23rd entry in the Beatmania IIDX rhythm game series

Beatmania IIDX 23: Copula is the 23rd installment of the Beatmania IIDX series. The first location test was held at the Tokyo Leisure Land #2 location in Akihabara, Japan, from July 10 through July 12, 2015. It was released on November 11, 2015. It was the last entry in the Beatmania series made by Konami Digital Entertainment before the division was renamed Konami Amusement.

== Gameplay ==
For more information about the gameplay of Beatmania IIDX in general, please refer to Beatmania IIDX#Gameplay.

Beatmania IIDX tasks the player with performing songs through a controller consisting of seven key buttons and a scratchable turntable. Hitting the notes with strong timing increases the score and groove gauge bar, allowing the player to finish the stage. Failing to do so depletes the gauge until it is empty, abruptly ending the song.

Beatmania IIDX 23: Copula retains the core gameplay introduced in the first game in the series, and builds upon features added in subsequent versions. Notes fall from the top of a vertical track, and players are required to either press buttons or turn turntables as they reach the bottom. Copula introduces a number of new features and gameplay elements to this base, including a new "hell charge note", additional beginner note charts available in standard mode, an "Assisted Easy" difficulty mode, and various other adjustments and features.

=== Gameplay changes ===

==== Hell charge notes ====

In Beatmania IIDX 17: Sirius, "charge notes" and "backspin scratch" notes were introduced, where the player has to hold a button or continuously spin the turntable for a specified amount of time. Traditionally, these charge notes were effectively treated as a note at the start and end, with the end note being automatically treated as missed if the note is not held. In Copula, a new type of charge note, the "hell charge note" was introduced, in which the Groove Gauge meter would continuously drop or increase during the extent of the charge note, depending on whether it was correctly held.

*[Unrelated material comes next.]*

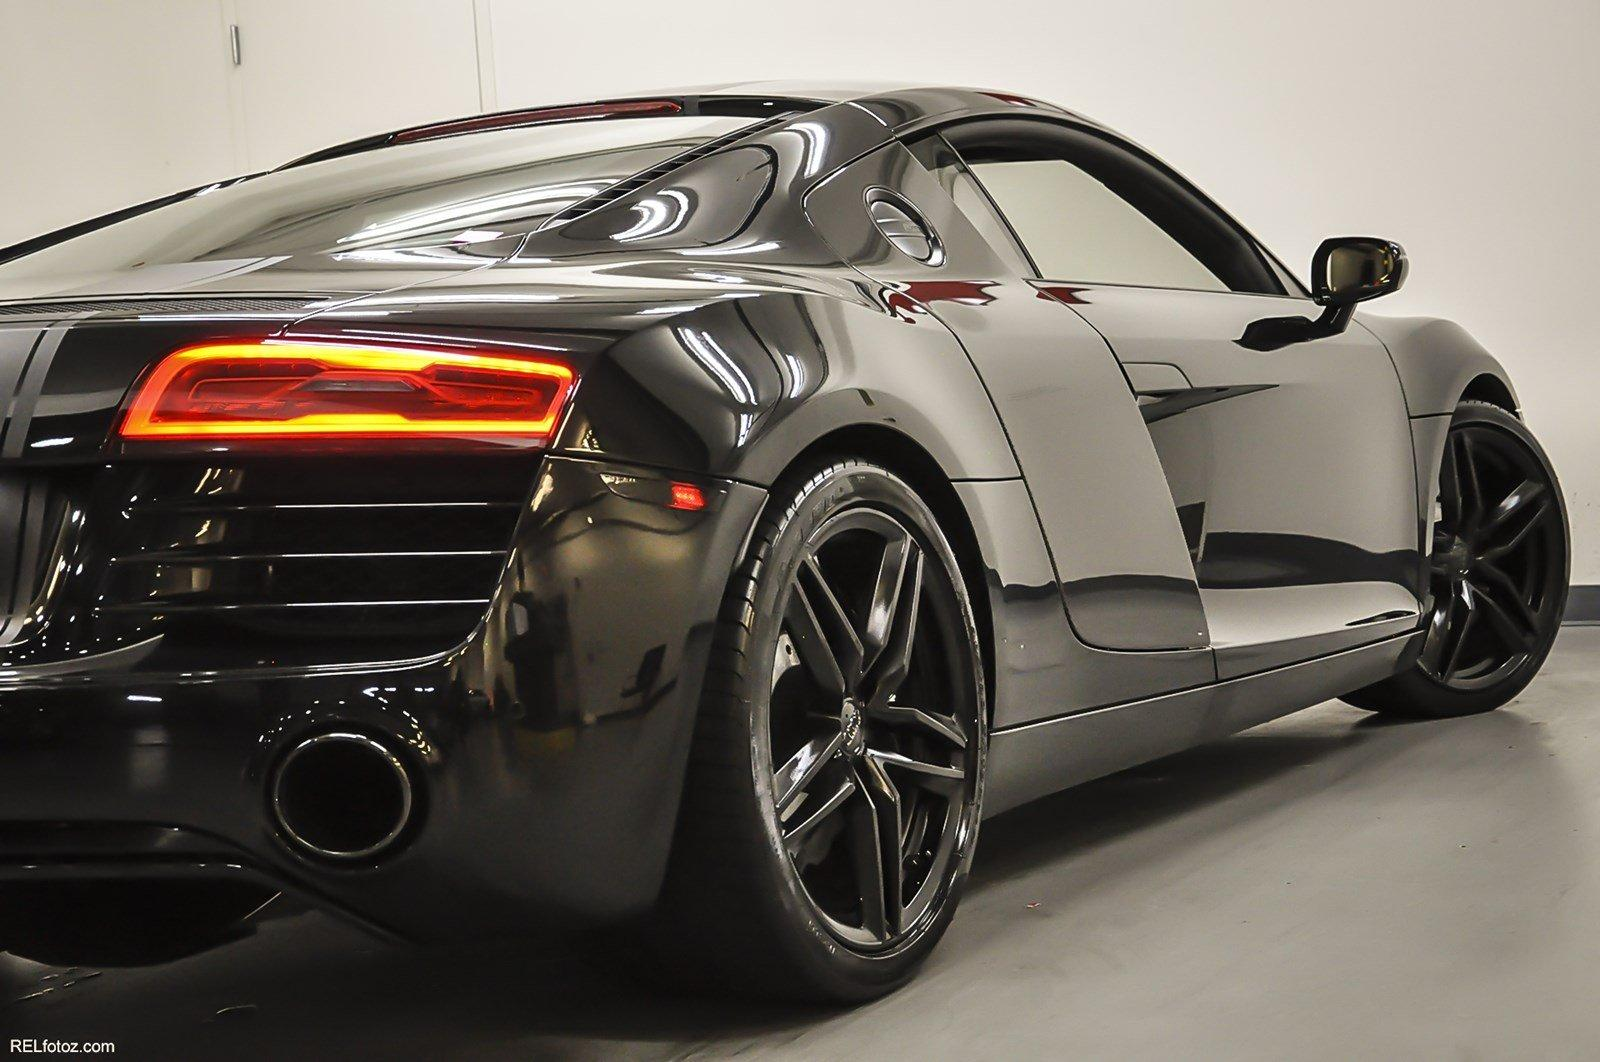 2014 Audi R8 V8 Stock 001223 For Sale Near Marietta Ga

Additionally, with hell charge notes, it became possible to recover from failing to hold the note by pressing and holding after the correct start point.

==== Assisted Easy mode ====

In addition to the Easy mode available in previous versions, which reduced the rate at which the Groove Tauge drops when notes are missed, Copula added a new "Assisted Easy mode", in which the rate at which the gauge drops is the same as in Easy mode, but the threshold for clearing a chart is reduced from 80% to 60%. Charts cleared in this manner are marked as being "assist cleared".

==== Class mode changes ====

Class mode (段位認定モード) is a mode in which players select from a series of preselected 4-song courses (ranked by the difficulty level of the course). The difficulty level of the highest level course cleared is often used as an indicator of the overall strength of the player.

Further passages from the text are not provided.